In Vivo Echocardiographic Detection of Enhanced Left Ventricular Function in Gene-Targeted Mice With Phospholamban Deficiency

Brian D. Hoit, Saeb F. Khoury, Evangelia G. Kranias, Nancy Ball, Richard A. Walsh

From the Division of Cardiology (B.D.H., S.F.K., N.B., R.A.W.) and the Department of Pharmacology and Cell Biophysics (E.G.K.), University of Cincinnati (Ohio).

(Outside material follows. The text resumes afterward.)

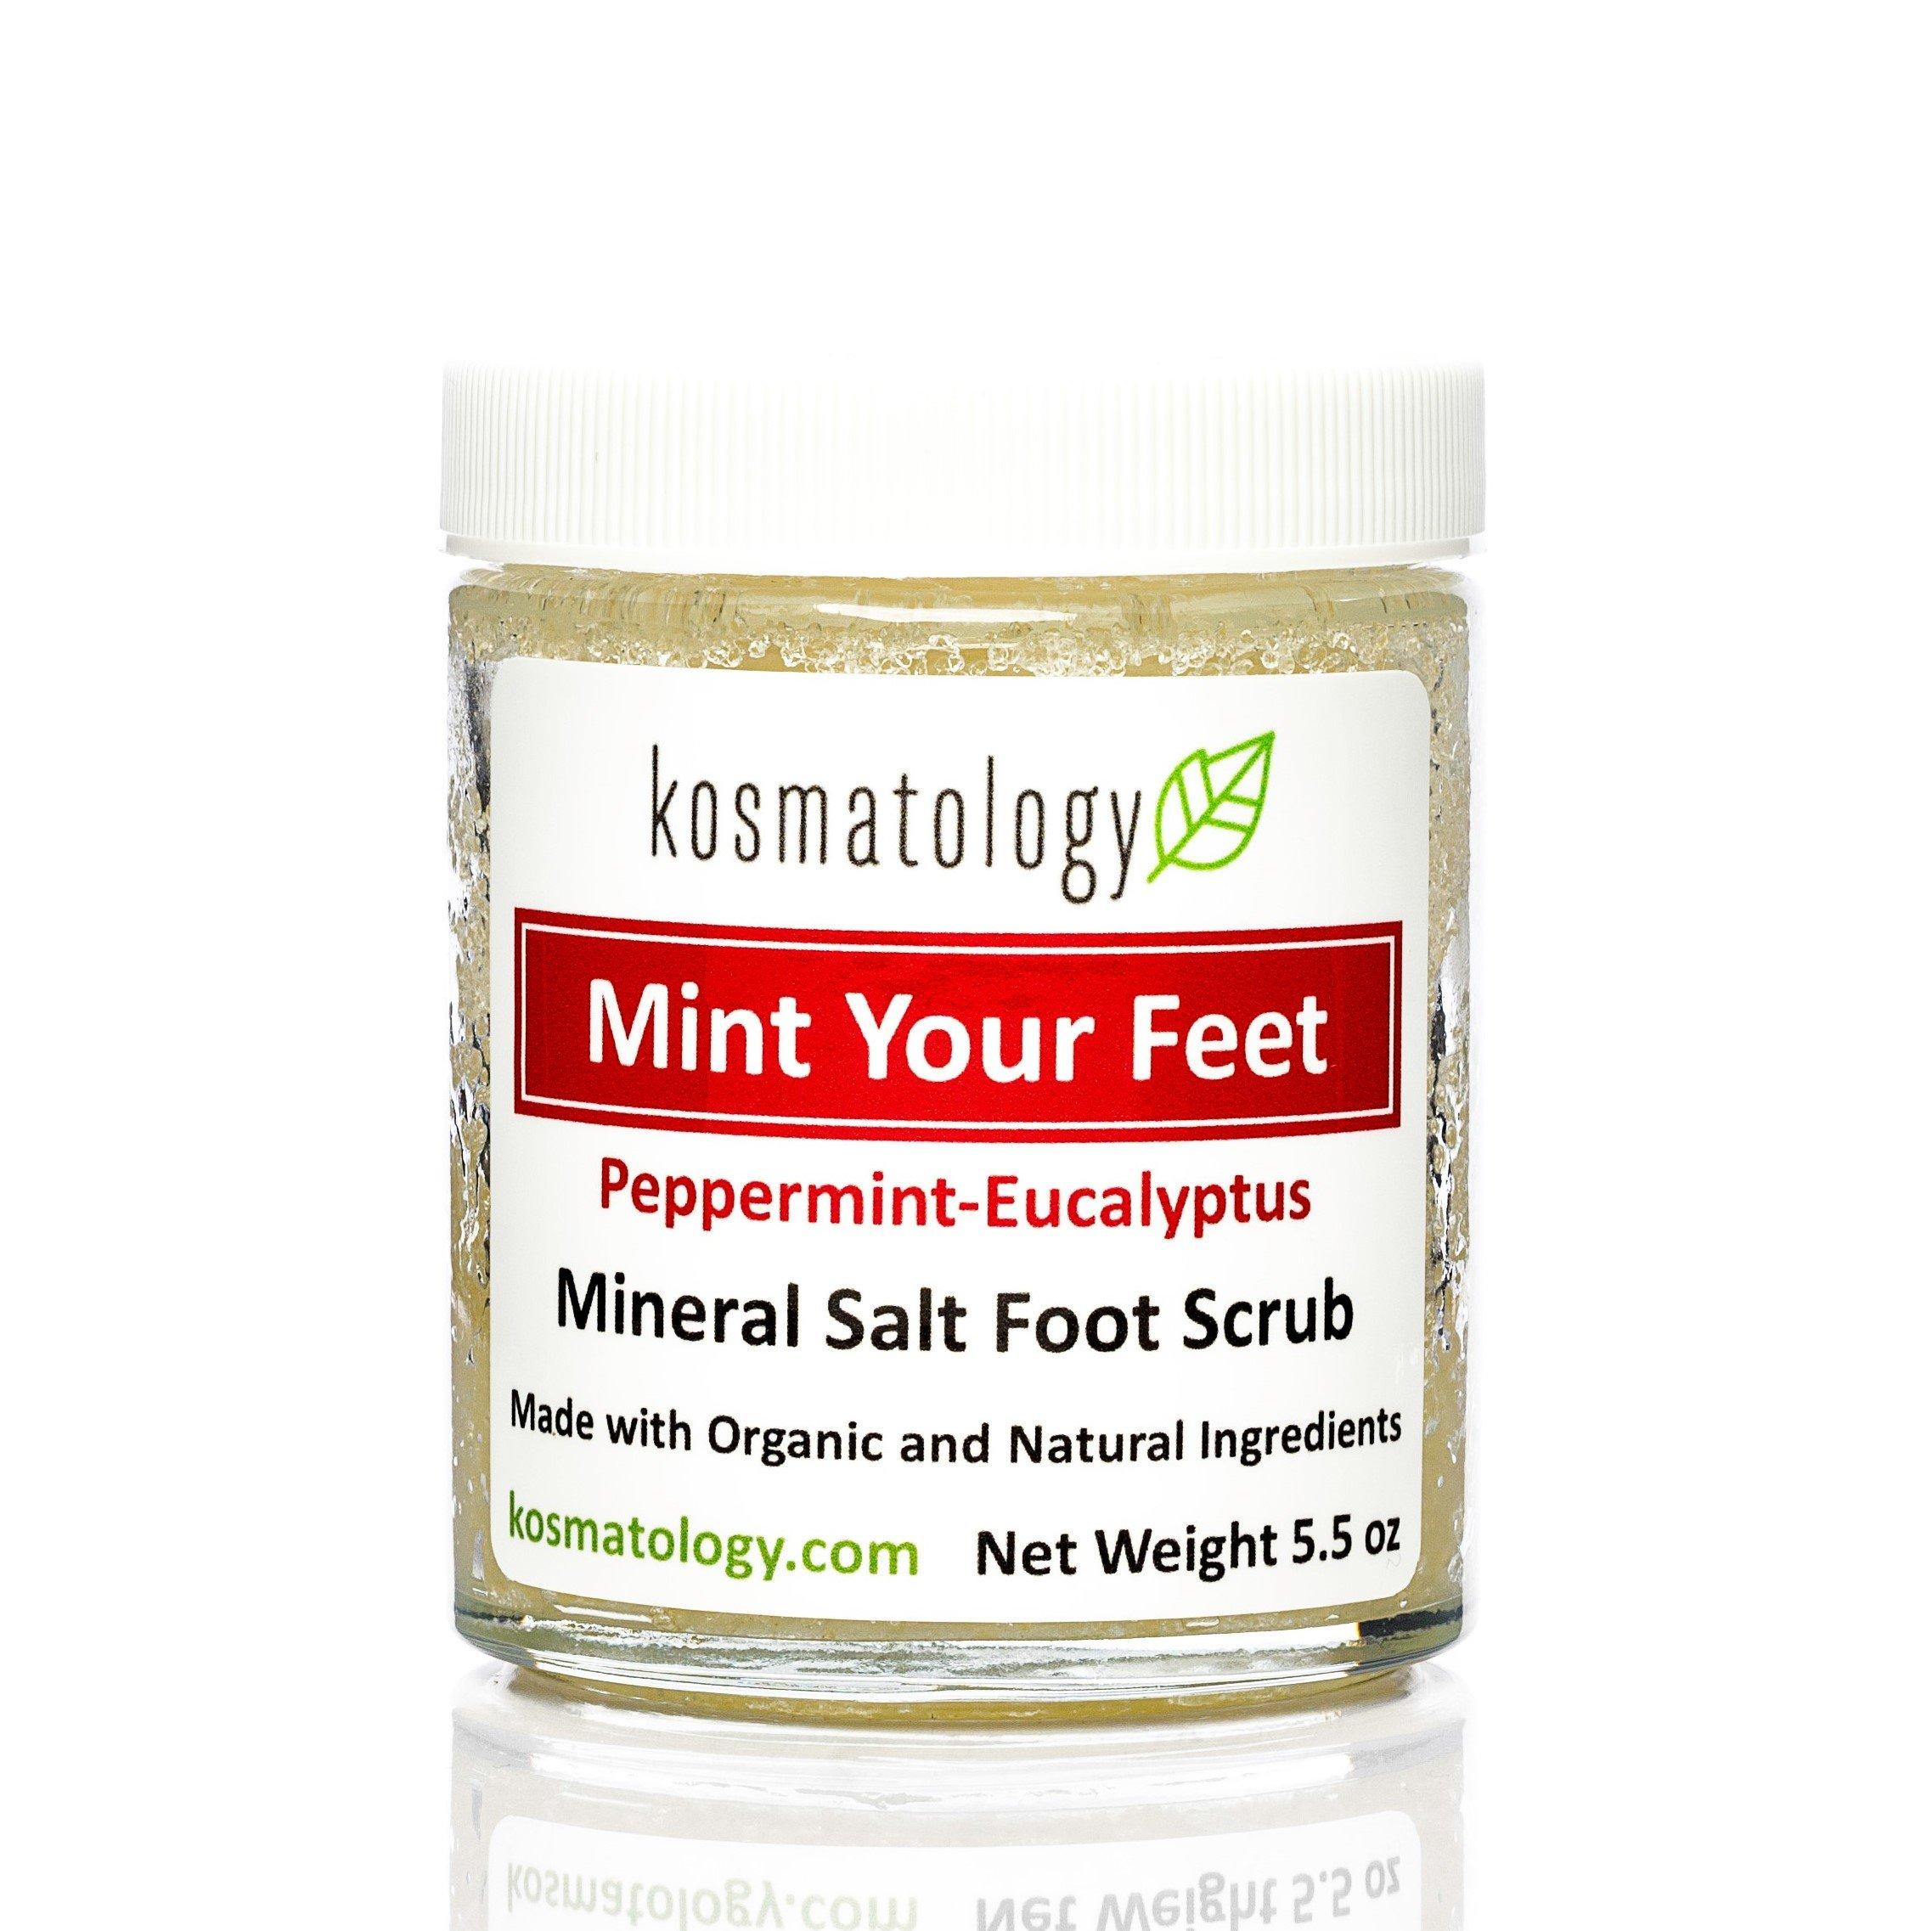 Kosmatology Mint Your Feet (Peppermint-Eucalyptus) Mineral Salt Foot Scrub, 5.5 oz by kosmatology

Abstract We evaluated the ability of M-mode and Doppler echocardiography to assess left ventricular (LV) function reliably and repeatedly in mice and tested whether these techniques could detect physiological alterations in phospholamban (PLB)–deficient mice. Anesthetized wild-type mice (n=7) and mice deficient in PLB (n=8) were studied with two-dimensional guided M-mode and Doppler echocardiography using a 9-MHz imaging and 5- to 7.5-MHz Doppler transducer. Data were acquired in the baseline state and after intraperitoneal isoproterenol administration (2.0 µg/g IP). Interobserver and intraobserver variability and reproducibility were excellent. PLB-deficient mice were associated with significant (P<.05) increases in several physiological parameters (mean±SD) compared with wild-type control mice: normalized mean velocity of circumferential shortening (7.7±2.1 versus 5.5±1.0 circ/sec), peak aortic velocity (105±13 versus 75±9.2 cm/s), mean aortic acceleration (57±16 versus 31±4 m/s2), and peak early-diastolic transmitral velocity (80.0±7.2 versus 66.9±7.7 cm/s). LV dimensions, shortening fractions, heart rates, late diastolic transmitral (A) velocities, and early to late (E/A) diastolic velocity ratios were similar in both groups. Isoproterenol administration resulted in significant increases in Doppler indices of ventricular function in control but not PLB-deficient mice. These findings indicate that assessment of LV function can be performed noninvasively in mice under varying physiological conditions and that PLB regulates basal LV function in vivo.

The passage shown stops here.